_ASSIGNMENT_.
Your answer must restate the listing below word for word and contain no images.

_RAW DATA_.
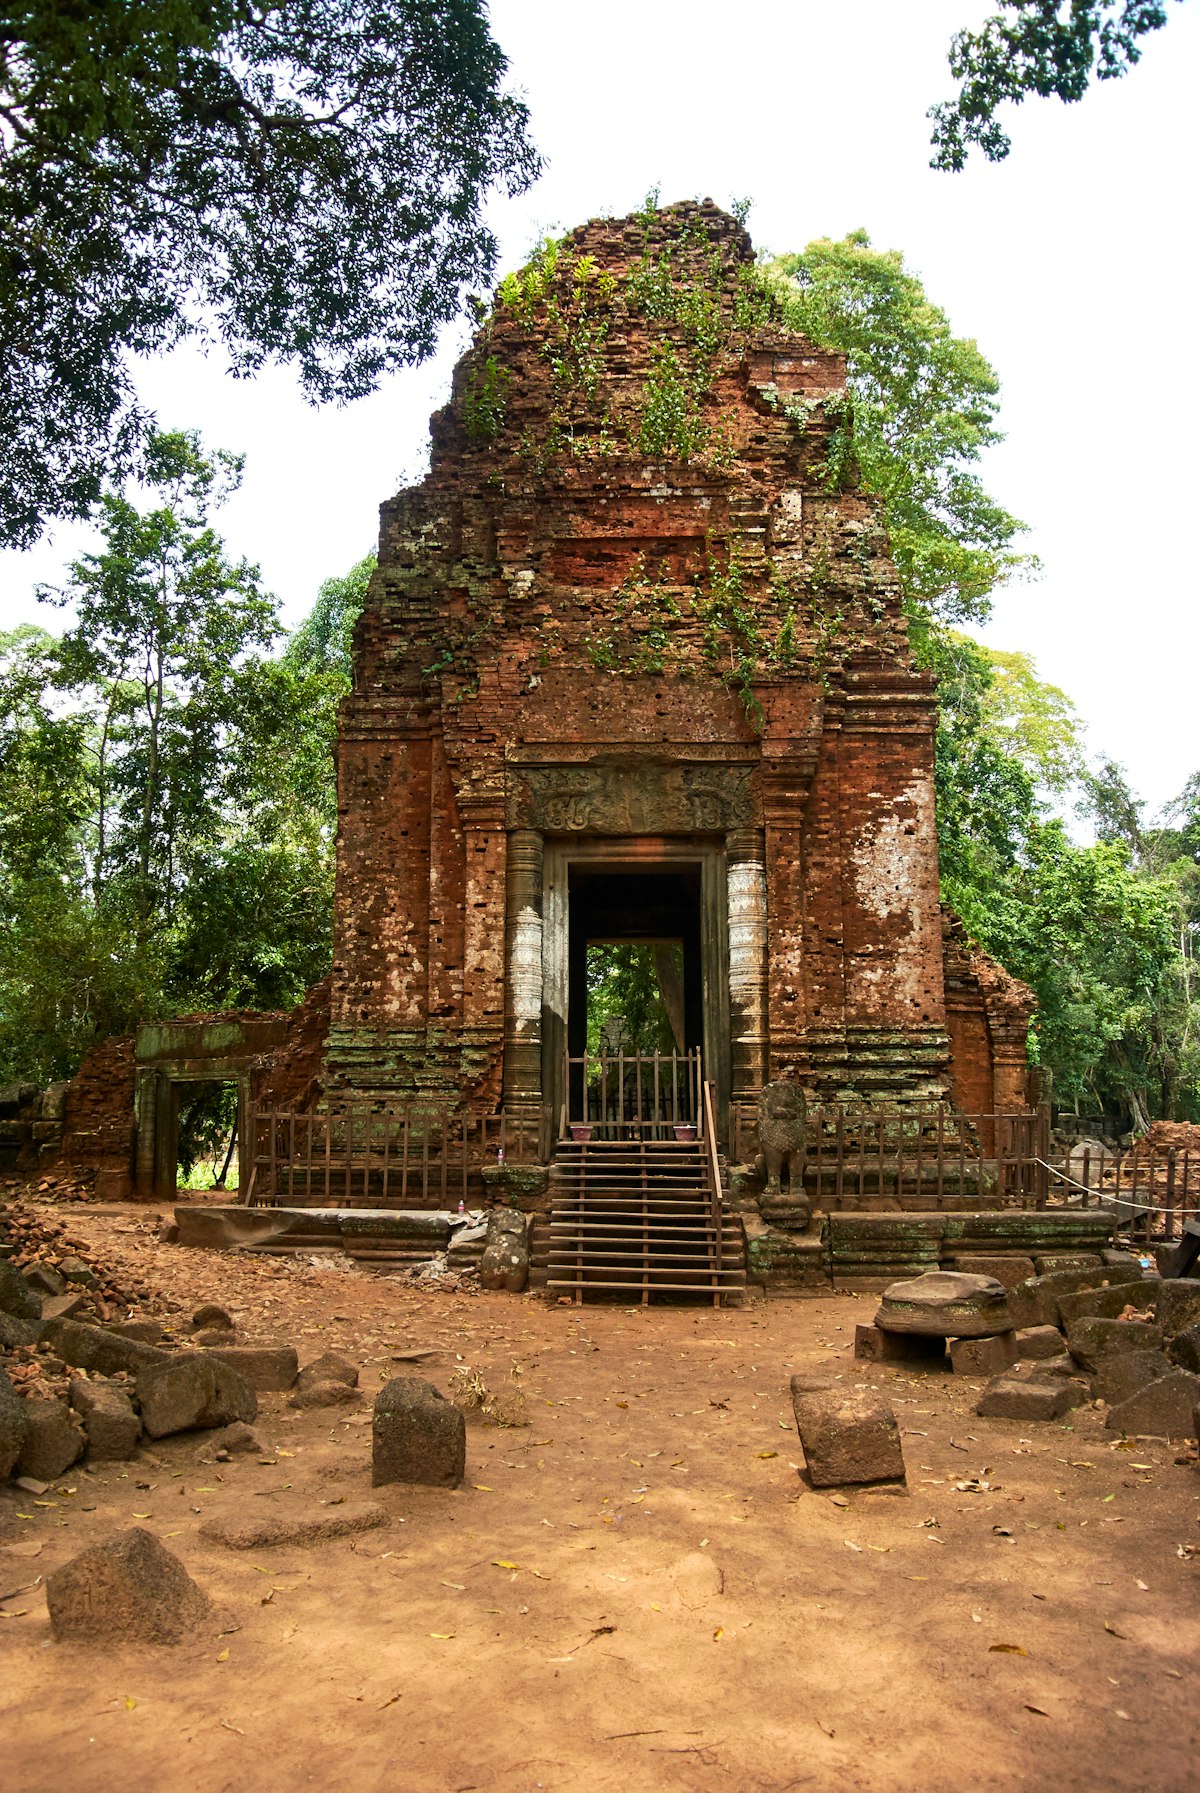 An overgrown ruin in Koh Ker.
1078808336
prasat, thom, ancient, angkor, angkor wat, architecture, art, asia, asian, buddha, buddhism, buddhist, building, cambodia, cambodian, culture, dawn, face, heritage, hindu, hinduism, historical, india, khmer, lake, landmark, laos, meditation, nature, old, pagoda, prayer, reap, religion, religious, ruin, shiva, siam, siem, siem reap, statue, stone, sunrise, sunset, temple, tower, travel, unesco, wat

_SOLUTION TO THE PROBLEM_.
 An overgrown ruin in Koh Ker.
1078808336
prasat, thom, ancient, angkor, angkor wat, architecture, art, asia, asian, buddha, buddhism, buddhist, building, cambodia, cambodian, culture, dawn, face, heritage, hindu, hinduism, historical, india, khmer, lake, landmark, laos, meditation, nature, old, pagoda, prayer, reap, religion, religious, ruin, shiva, siam, siem, siem reap, statue, stone, sunrise, sunset, temple, tower, travel, unesco, wat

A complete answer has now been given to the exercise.